E assim segue a vida.
De minha parte tenho procurado evitar esse tipo de gente, que me faz lembrar o lado negativo ou mórbido do ser humano.
Vem à tona aquela famosa advertência do genial Bernard Shaw, segundo a qual, “Quando se lê uma biografia deve-se ter em mente que a verdade é impublicável”.
Que se lixe essa gente.
Afinal, que saudade eu tenho da Cássia Eler, da Elis, do Jimy Hendrix, da Jane Joplin, do Raul Seixas.
Meus heróis morreram todos de “overdose”, como lembrou, certa feita,  o saudoso Cazuza.
Mas isso não me interessa.
Acho que, apesar de abominar os Vandões, de vez em quando eles “batem” na gente.
E a gente é capaz de pensar como eles. E fazer brotar a intolerância, o indesculpável, a pior versão.
É preciso ficar atento.
Afinal, lembrando o velho e saudoso Vinícius, “a hora do sim é um descuido do não”. 

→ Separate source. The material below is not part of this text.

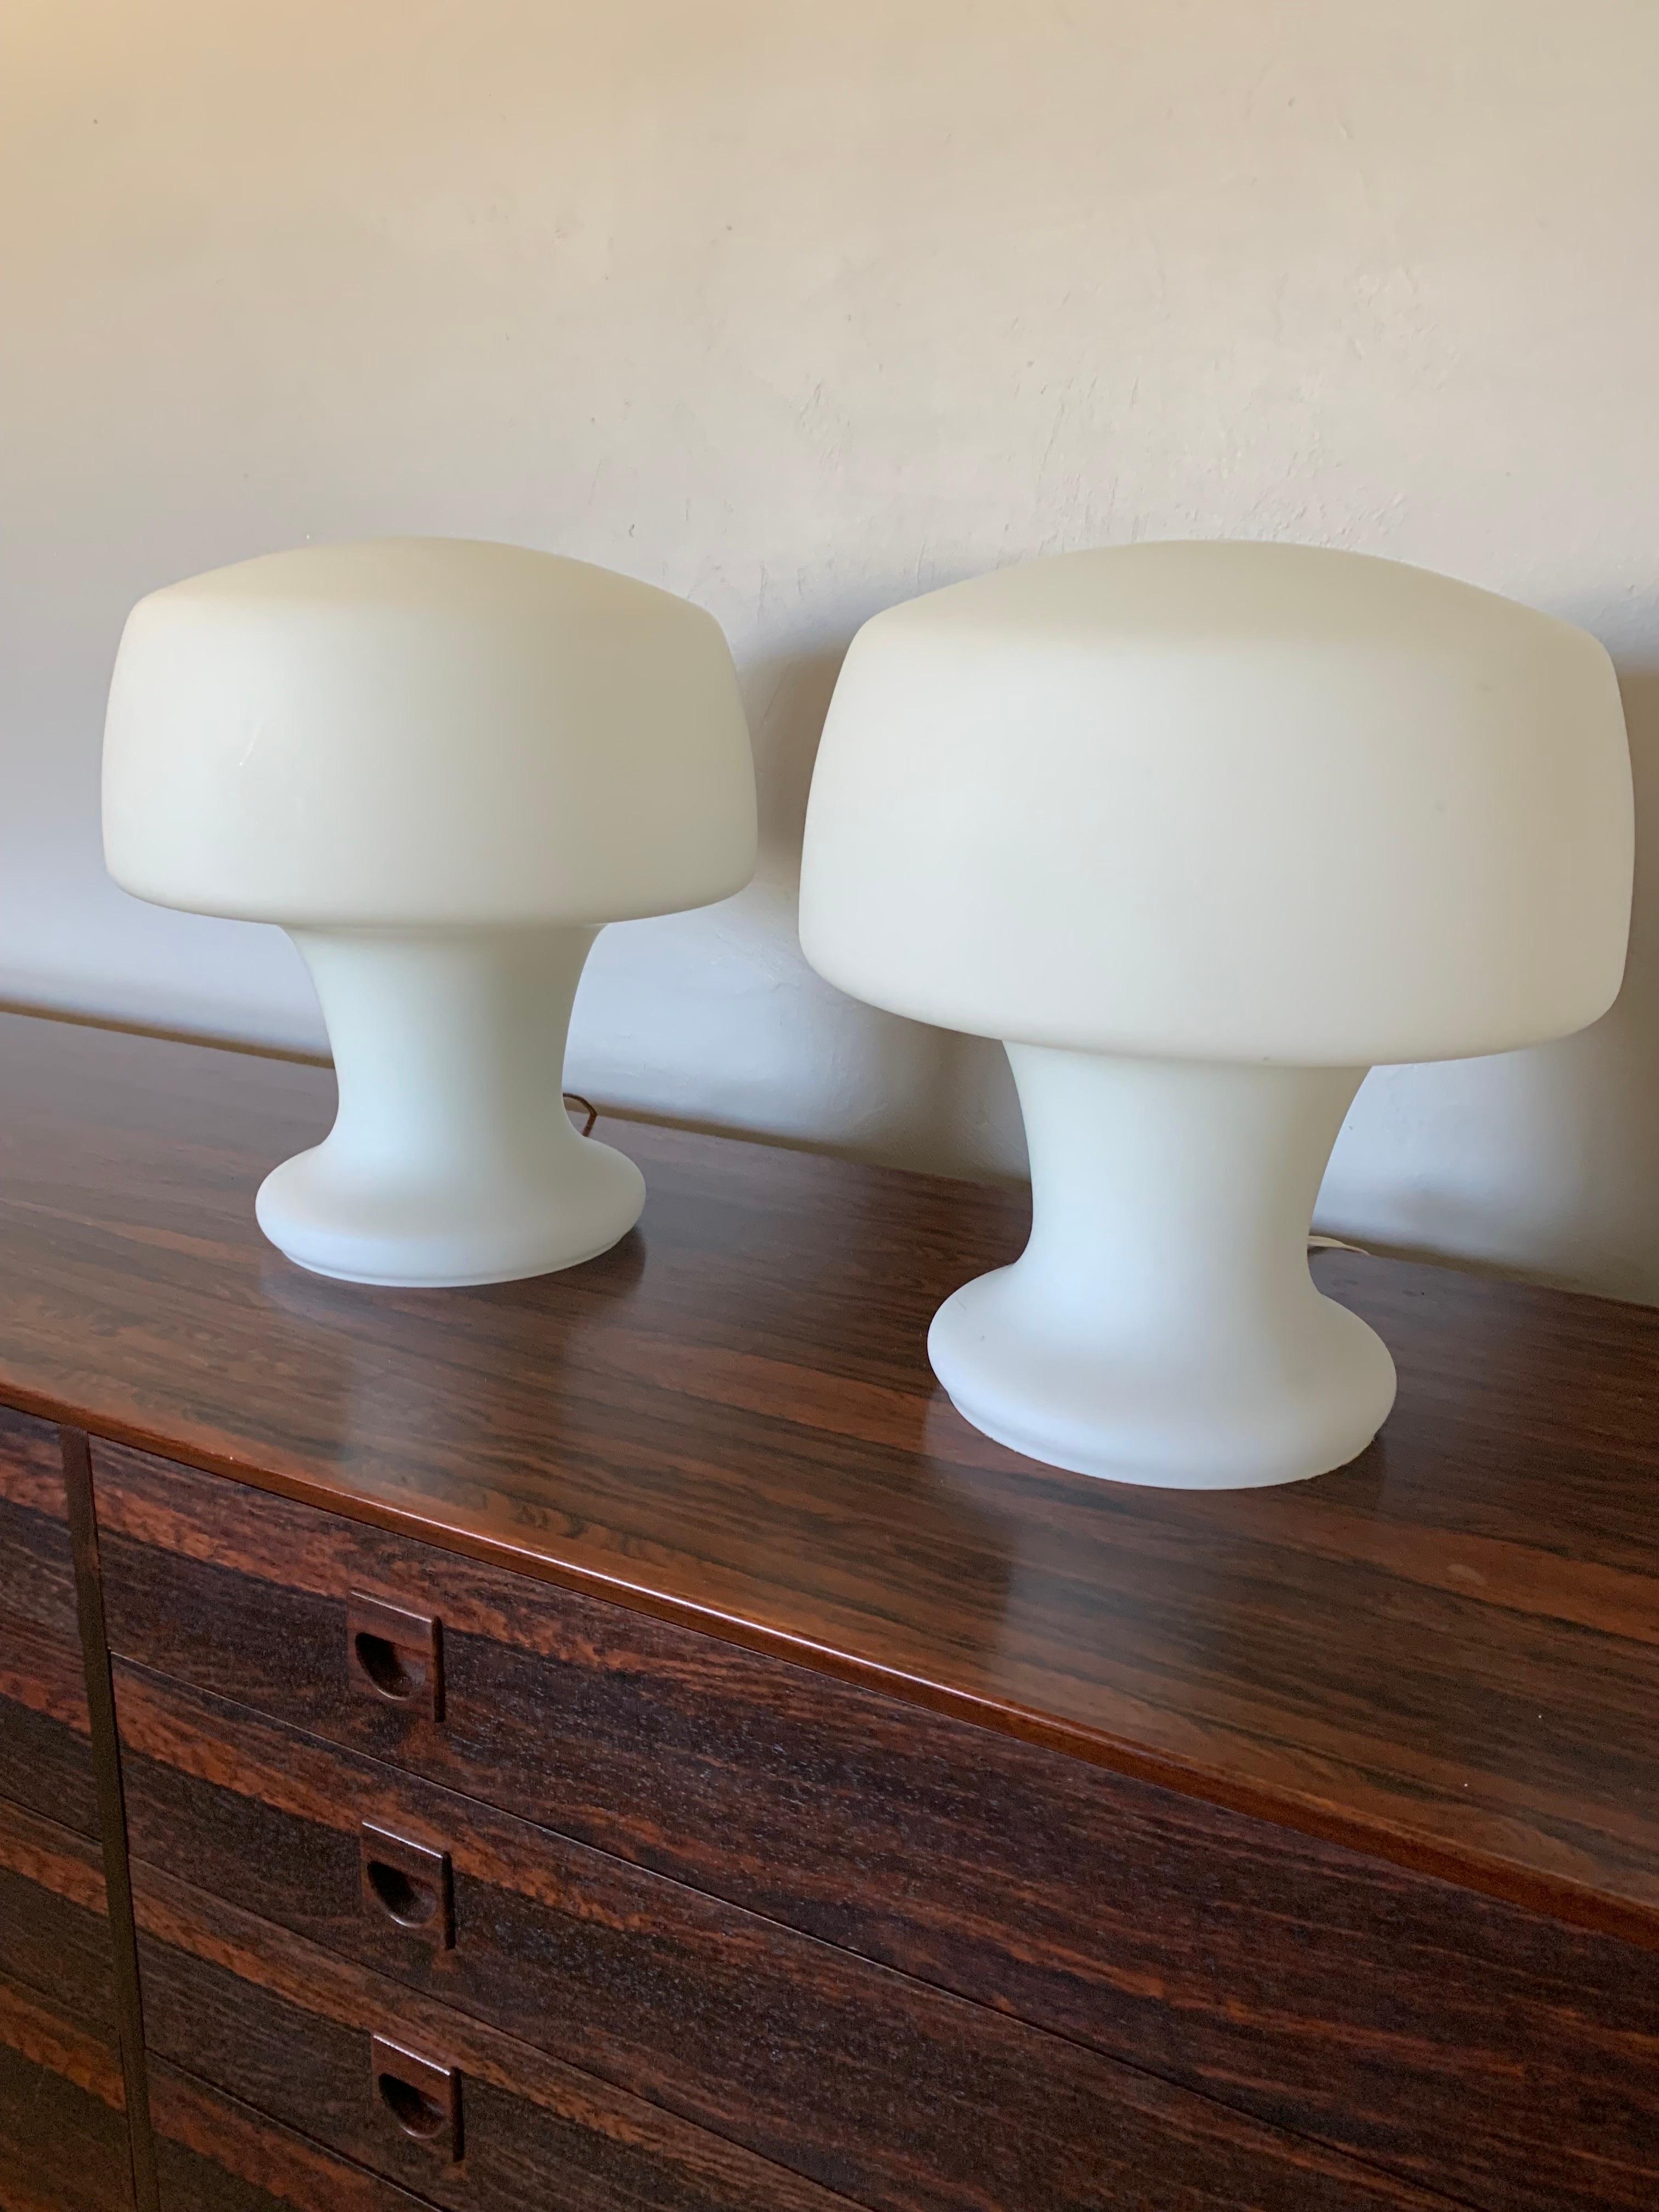 Fantastisches Paar Laurel Studio Pilz Tischlampen. Handgeblasenes opakes weißes Glas formt eine einzigartige skulpturale Pilzform. Hergestellt aus einem massiven Stück Glas mit einer Schnur und einem Schalter zum An- und Ausschalten. Trueing

Xô Vandão, vá lamber sabão!!!"

P.S. (1) A imagem que se vê acima foi extraída do "bruxinhaalegre.blogspot.com" e é identificada como cegonha3.gif.
 P.S. (2) O "causo" contado está no meu livro "Causas & Causos" - No Sisudo ambiente da justiça, também há humor, vida e graça", 2.006, Millennium Editora Ltda.

Até amanhã.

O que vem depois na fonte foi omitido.